Severity refers to the size of each loss. Combined with frequency these two
factors can help estimate the expected cost of each loss exposure over a given time.
Simple State System One of four system levels used to describe the degree of severity of an
unexpected event. In a simple state system the unexpected event can be resolved through
routine decisions.
Stakeholder’s Perspective
Recognizing and supporting an integrated perspective between
management and its stakeholders comprised of individuals, groups, member of the public or
private firms. ERM suggests that an organization must work together with the stakeholder
environment to intertwine with multiple stakeholder interests in such a way that the interests
of shareholders and management’s decisions cannot be entirely split.
Strategic Goal A goal created by the board or executive staff that is general and/or conceptual,
yet defines direction for the organization.
Strategic Plan An action plan containing strategies, goals, and objectives used to achieve the
purpose defined in the mission statement.
Strategic Risk Services to citizens, capital improvement projects, maintaining growth
Strategic Triangle
The strategic triangle applies three “learning aspects” to the planning
process: value strategy, political management, and operational capacity. The interactions
between these aspects help to delineate the organization’s strengths and weaknesses.
Sustainable Development
A key strategic objective that recognizes a pattern of resource use
aimed at preservation of the environment while meeting the needs in human consumption.

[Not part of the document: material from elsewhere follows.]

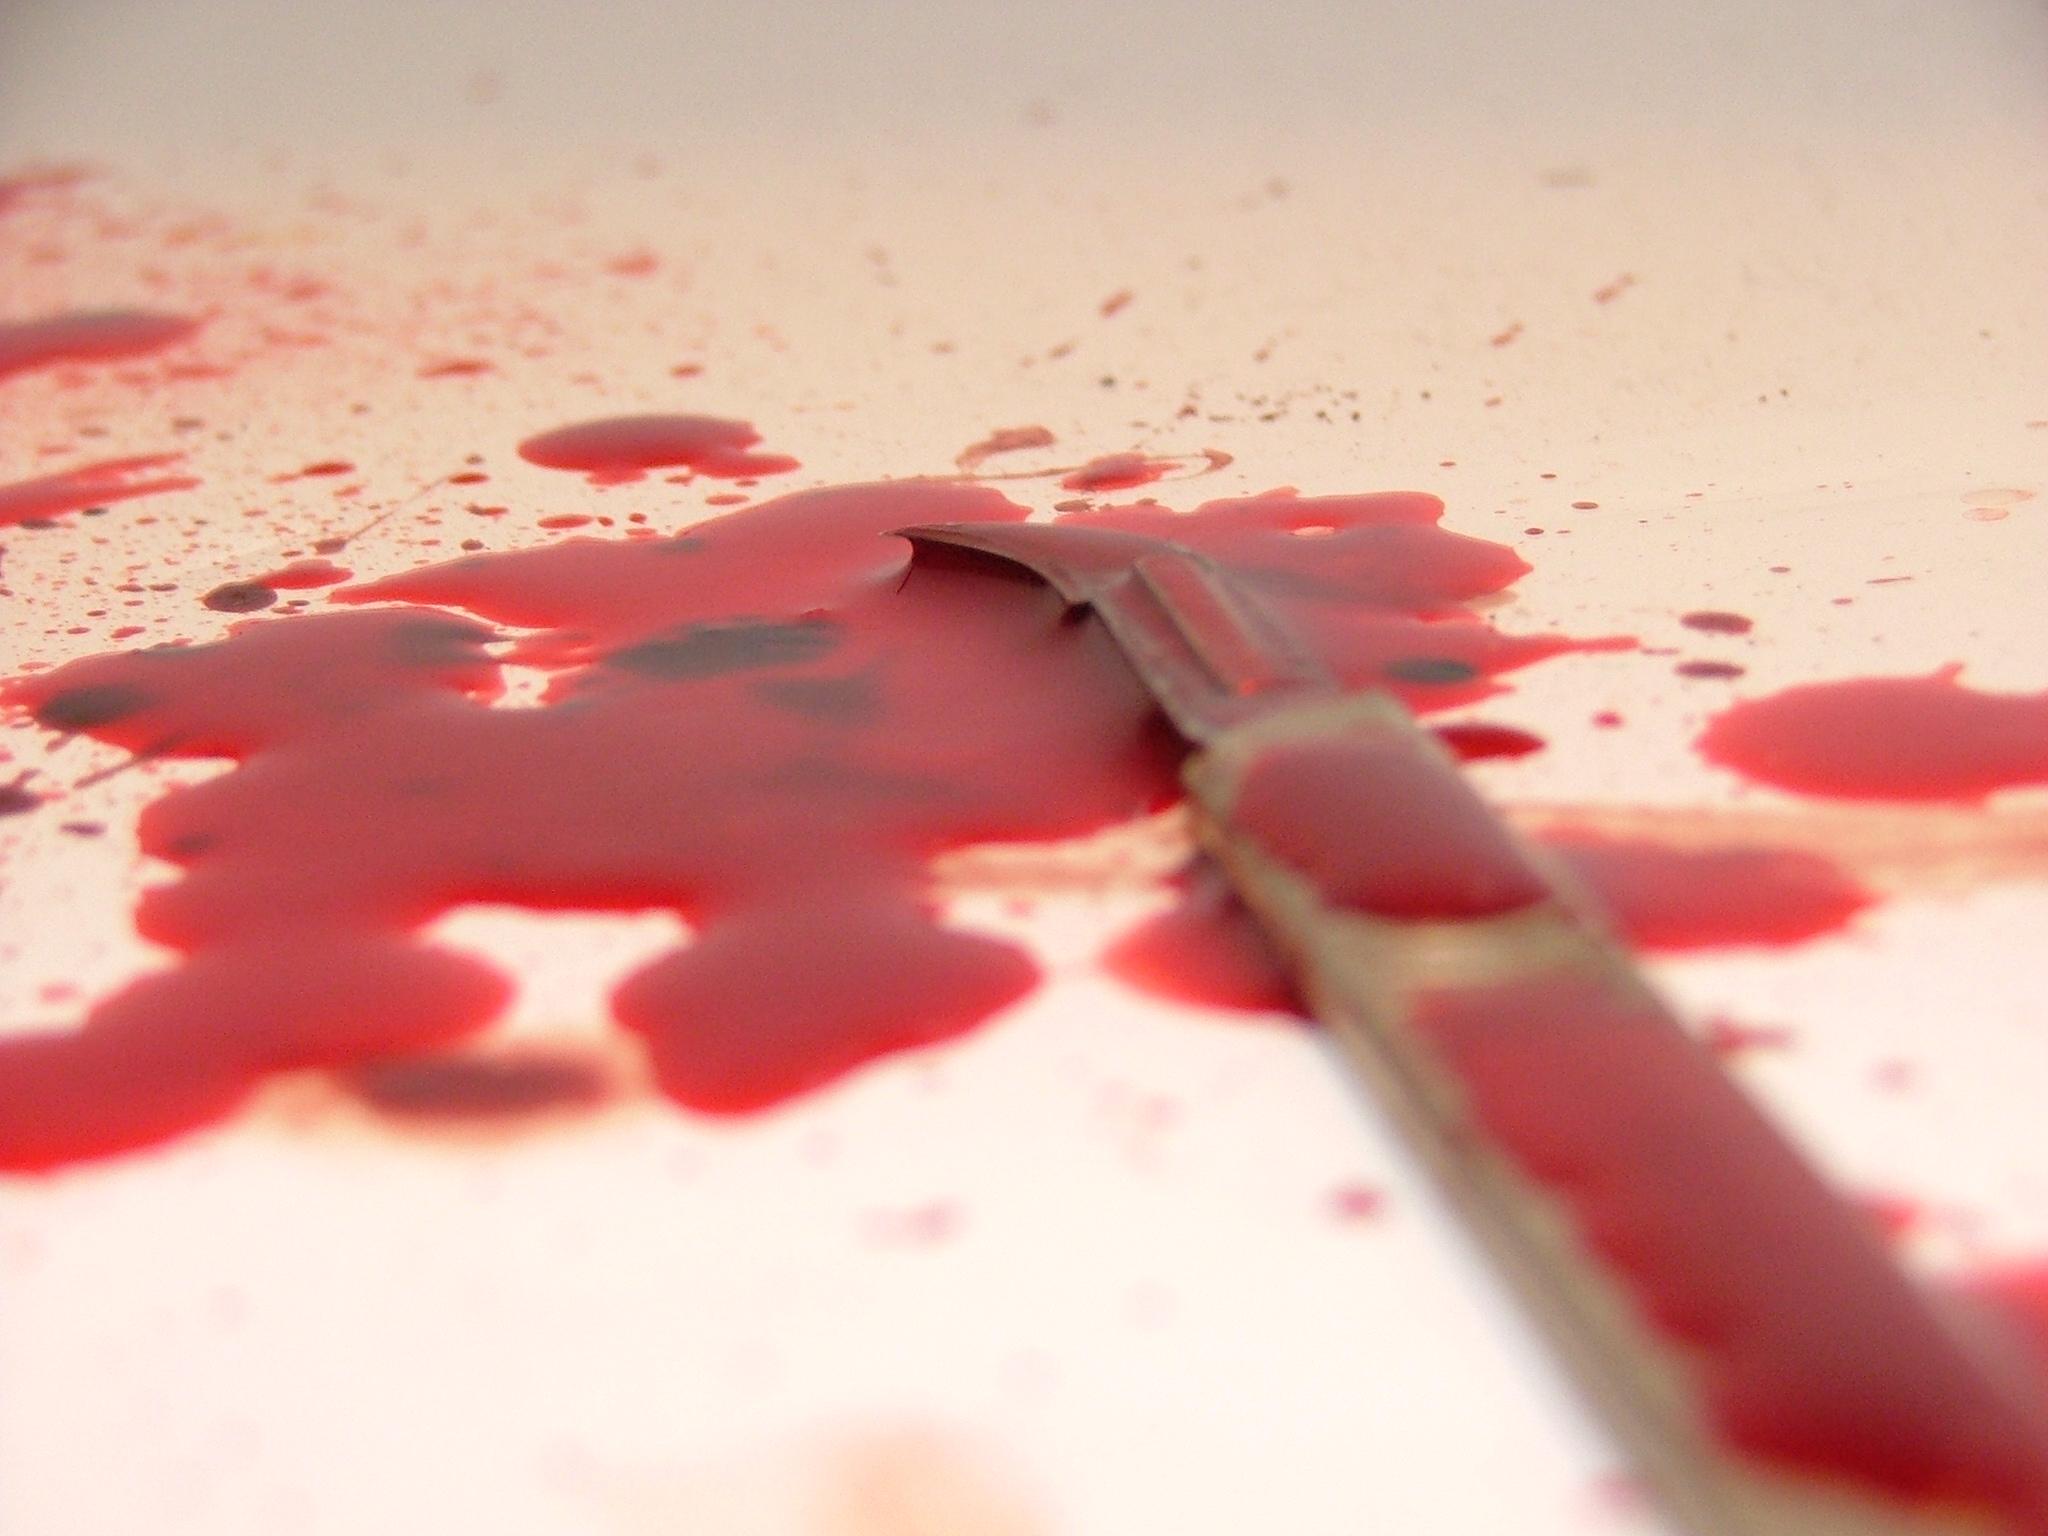 blood-knife-1197796

Sustainable development directly affects an organization’s ability to achieve its goals while
striking a balance by using social, environmental and economic elements to meet its current
needs without compromising the ability of future generations to meet their needs.
SWOT Analysis
A process used in enterprise risk management to improve the strategic
decision making of an organization by addressing its strengths, weaknesses, threats, and
opportunities (SWOT Analysis). The SWOT analysis integrates risk management and the
strategic planning process to increase the awareness of unplanned or emerging risks that can
impact their ability to provide services.
Tactical Objective
An objective created at the line management level to represent specific
tasks. These objectives relate to the output of the organization’s products and services.
Technological Risk
Potential losses arising out of technology systems and operations, such as
engineering, manufacturing, design processes, and system development. Technological risk
evaluates key processes within a company’s core business to determine relative priorities in the
production, delivery, and management of its products, services, and support operations.
Vision Statement
An organization’s vision statement should answer the question, “Where
do we want to go?” While a vision statement doesn’t explain how to get where you want to go,
it does set the direction for your strategic plan.